If I setup a filter of AF>0.12, it is still going to pull all the variants with out any filtering?

From your links I was not able to figure out if the jexl expression can help me to calculate the accurate AF values that I can used to filter based on AF>12? Can you help with understanding this?

Thanks again,
Satish

@satish86 -- Sounds like you want to filter variants in your single sample VCFs that are common and present in a population VCF at 12% or higher. Or is it that you'd like to filter on allele depth (AD) within your single sample VCF?

• AshevilleMember

Hi Shlee,

I am trying to perform Variant Filtering on a Single Sample VCF file based on the criteria at 12% of reads should support the allele at a 3x covg.

My assumption for the filter was that Min allele frequency or AF >0.12 and DP>=3. Now I am trying to get that Min. Allele Frequency fraction or the real allele fraction?

Satish

@satish86
Hi Satish,

Have a look at this thread. I am going to ask the team about adding a new annotation that calculates this for you, so you don't need to write out the long JEXL expression

-Sheila

• AshevilleMember

Thanks Sheila, that would be really helpful .

Regards,
Satish

• AshevilleMember

Hi Sheila,

Just want to check back with you on the new annotation. Do you have any updates on this.

Thanks you very much again for helping is with this.

Satish

@satish86
Hi Satish,

-Sheila

• AshevilleMember

Awesome, Thanks Sheila!

@satish86
Hi Satish,

Sorry for getting your hopes up. I just talked to the developers, and they don't think the annotation is useful. In fact, they think it is wrong to be be filtering on the Allele frequency! Is there a reason you are filtering on allele frequency?

-Sheila

• AshevilleMember

Hi Sheila,

All I am trying to get is 12% of the reads should support the allele at a coverage of 3X?
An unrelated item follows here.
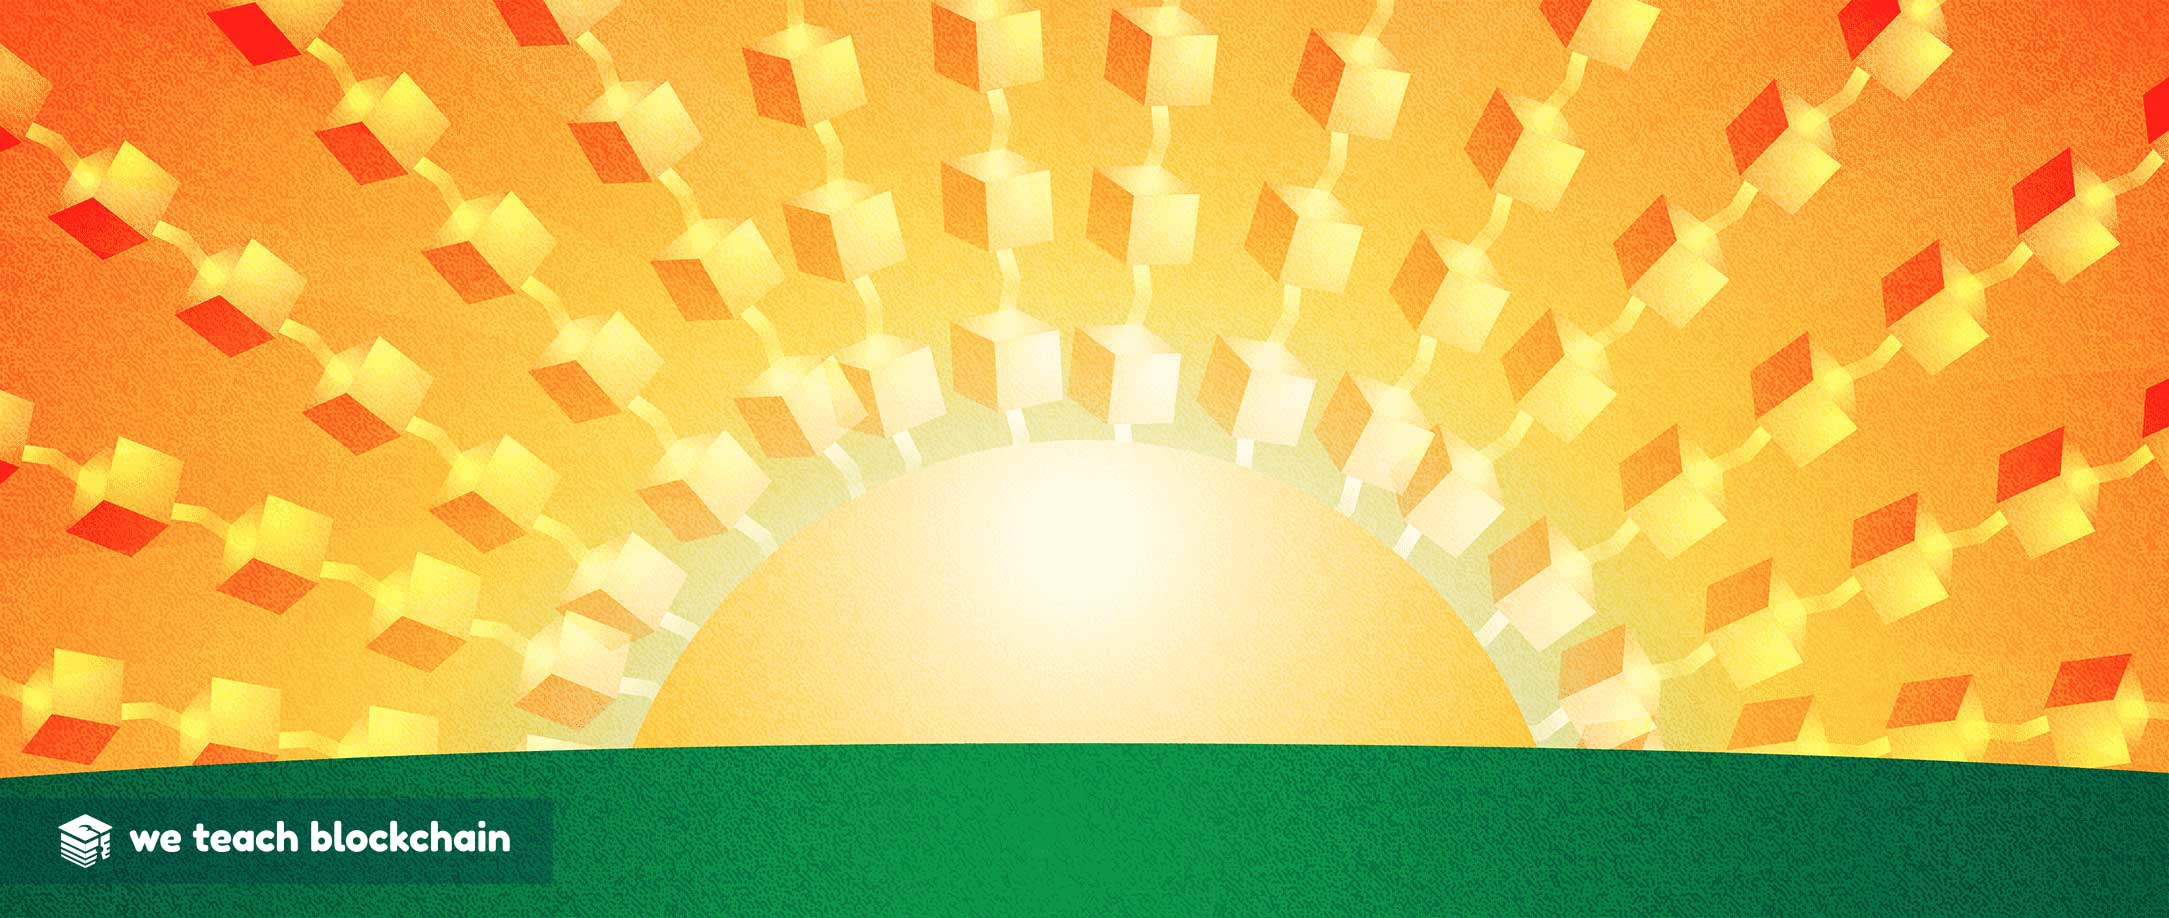 Sunrise with rays of blocks representing scaling

I can easily filter the VCF file based on coverage with DP>3, but I was looking for a parameter like MAF (minimum allele frequency), that way I can set the filter of MAF>0.12 and DP>3.

Is this possible?

Regards,
Satish

@satish86
Hi Satish,

Yes, you can use DP > 3 and AF > 0.12 (using the formula in the thread above) with VariantFiltration.

We don't recommend filtering on DP or AF because HaplotypeCaller takes into account many things before emitting a variant call. For example, a site may have a low depth but very high quality bases and mapping qualities. In the same way, the AF can be 0.1, but it means different things when the depth is 5, 100, or 500.

Our basic hard filtering recommendations are here. Of course, it is up to you to decide what additional filters you wish to apply

-Sheila

• AshevilleMember

Hi Sheila,

Say if AD (0,274), is 274 is the read depth of my allele? and 0 is the read depth of my Ref allele?

How can I set up a filter that gives all variant that has an allele depth >12?

Thanks,
Satish

@satish86
Hi Satish,

-Sheila

• AshevilleMember

Thanks for that Sheila. I had one more question

so % of Allele RD = (274/(274+3)) = 0.98

Is my assumption correct?

Satish

• Member
edited June 19
@satish86, @shlee I'm looking to mark heterozygous/homozygous alternate genotypes which don't have an alternate allele read depth of 20% of the total reads to no-call. Did you ever figure out a good way to do this? From what I can tell you have to have the specific sample ID to get the AD for either allele, so I would have to loop through all samples to effectively do this.